Era aterrador. Lo que había pasado, lo que me habían hecho, y ahora los efectos que aún enfrentaba.
Tenía miedo.
Exhalé un aire helado. El frío recorría mis venas, congelando mi ansiedad y mis temores. Podría con esto. Cientos de miles de personas viven en Night City con brazos de cromo. No era más que algo extraño, o imposible. Solo era cuestión de habituarse, y estaría bien.
Era solo un cambio. Un cambio más en mi vida, igual que todos los otros desde que desperté en el hospital. Solo una pequeña transformación adicional.
Dejé que el hielo se derritiera, permitiendo que mis sentimientos regresaran lentamente a mi mente.
Sentí miedo. Pero no porque odiara los brazos cibernéticos. Sino porque no había sido una elección mía.
Había querido esto, pero a mi propio ritmo. Exhalé calidez. No amenazaban con salir lágrimas. —Está bien, Motoko. Primer paso. Acostumbrarse a los miembros. —Con los ojos cerrados, extendí los brazos y luego los abrí. Mirándolos por primera vez como si fueran míos.
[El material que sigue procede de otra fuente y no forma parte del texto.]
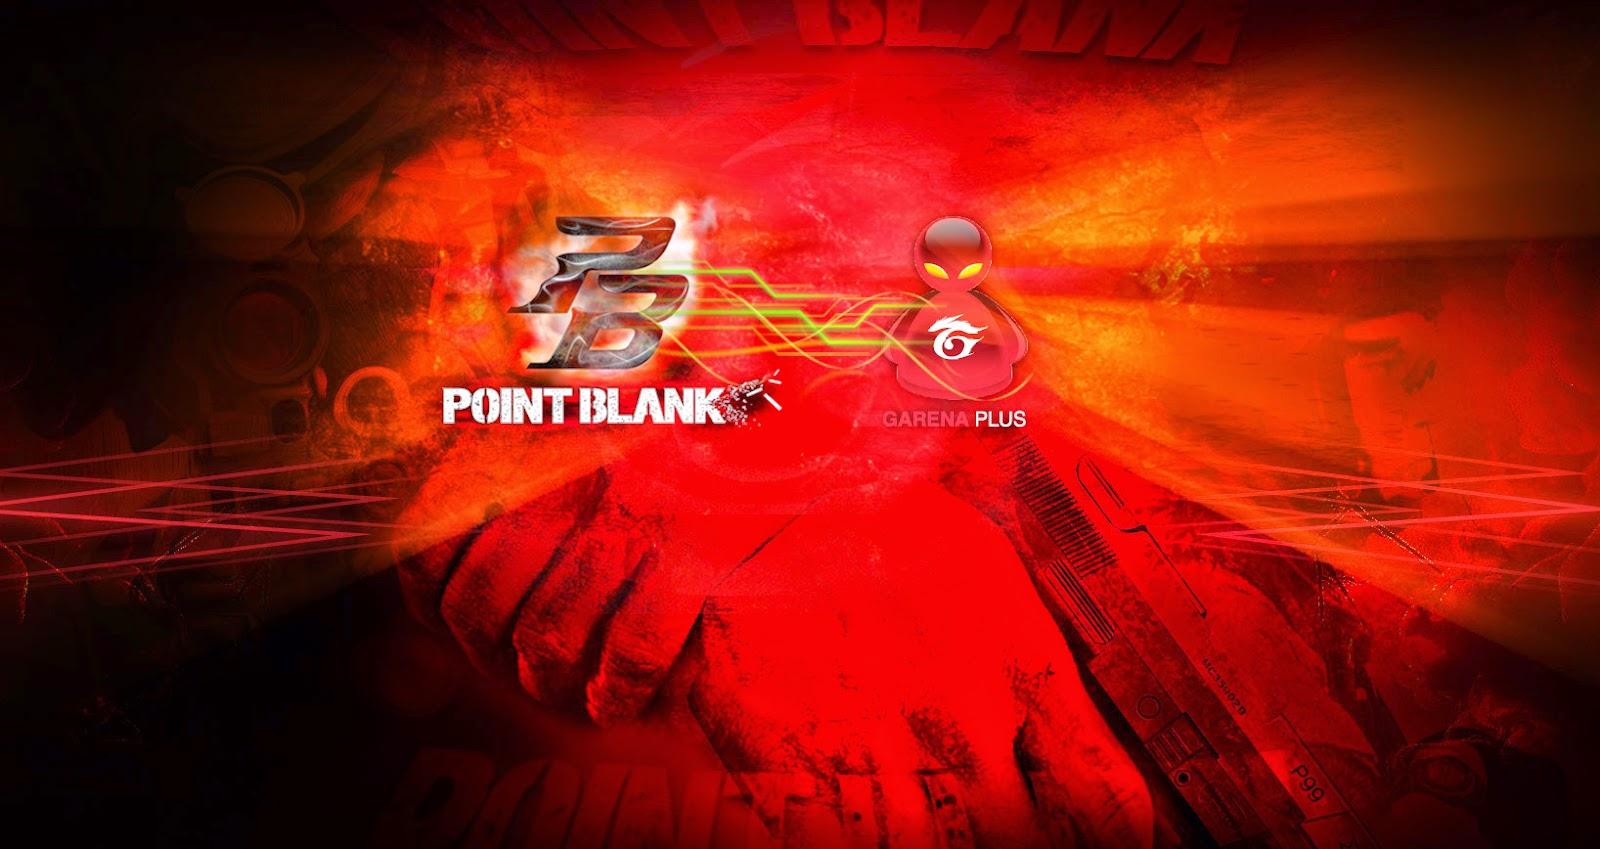 POINT BLANK GARENA

No eran Condors de Militech. No eran de Chrome.
Eran mis brazos.
Mis dedos eran delgados. El Ripper debe haber ajustado... mis brazos, para adaptarlos a una mujer. Extendí los brazos a los lados, tanteando mi envergadura. Era... más o menos igual, ¿verdad? No era fácil de decir, pero ahí estaba. Ahora mis dedos eran más largos. Me di cuenta de que podía cerrar los puños y mis dedos no descansaban en el mismo lugar de antes.
Jugué un momento con mis dedos. Presionando uno tras otro el pulgar, haciendo que se movieran y, para asegurarlo, incluso levanté el dedo medio.
Solo para estar segura la próxima vez.
Luego pasé a mis palmas. No eran de carne. Eran de acero inoxidable liso, o de aluminio, pero en partes cubiertas con una superficie de goma antideslizante. Podía sentirlo. Los sensores del Ciberware me proporcionaban una percepción del tacto casi exacta.
La sensación de extrañeza seguía allí, y tuve que cerrar los ojos y simplemente respirar, mientras experimentaba nuevas sensaciones relacionadas con acciones antiguas.
Tocar mi propia palma no debería causarme tanto malestar. No debería sentirlo tan incorrecto.
Pero exhalé. Me permití ajustarme simplemente. Dejar que la sensación fluya a través de mí. Esto era lo que sentía mi mano. Empujé mis manos juntas dejando que ese sentir atravesara mi mente.
Esto era yo.
Dejé que mis palmas se separaran lentamente. Ahora me concentré en mis muñecas, sintiendo su rango de movimiento. Cada ángulo que necesitaría mientras desplazaba lentamente las muñecas de un lado a otro.
Mi muñeca era fuerte.
Mis viejas... No, mis muñecas anteriores. Antes eran algo débiles. No ayudaba la sensación de que se rompían cada vez que disparaba mi Burya.
Pero podía sentir lo mucho más fuertes que estaban ahora. La tensión de llevarlas al límite era en realidad una sensación agradable, extraña pero placentera, como un estiramiento con carne, una sensación reconfortante.
Seguí adelante.
Mis antebrazos estaban recubiertos de acero liso. Pequeñas grietas en el exterior mostraban el músculo debajo. Podía ver cómo el músculo sintético se contraía y desplazaba al mover las muñecas. Me permití acostumbrarme a esa vista y esa sensación.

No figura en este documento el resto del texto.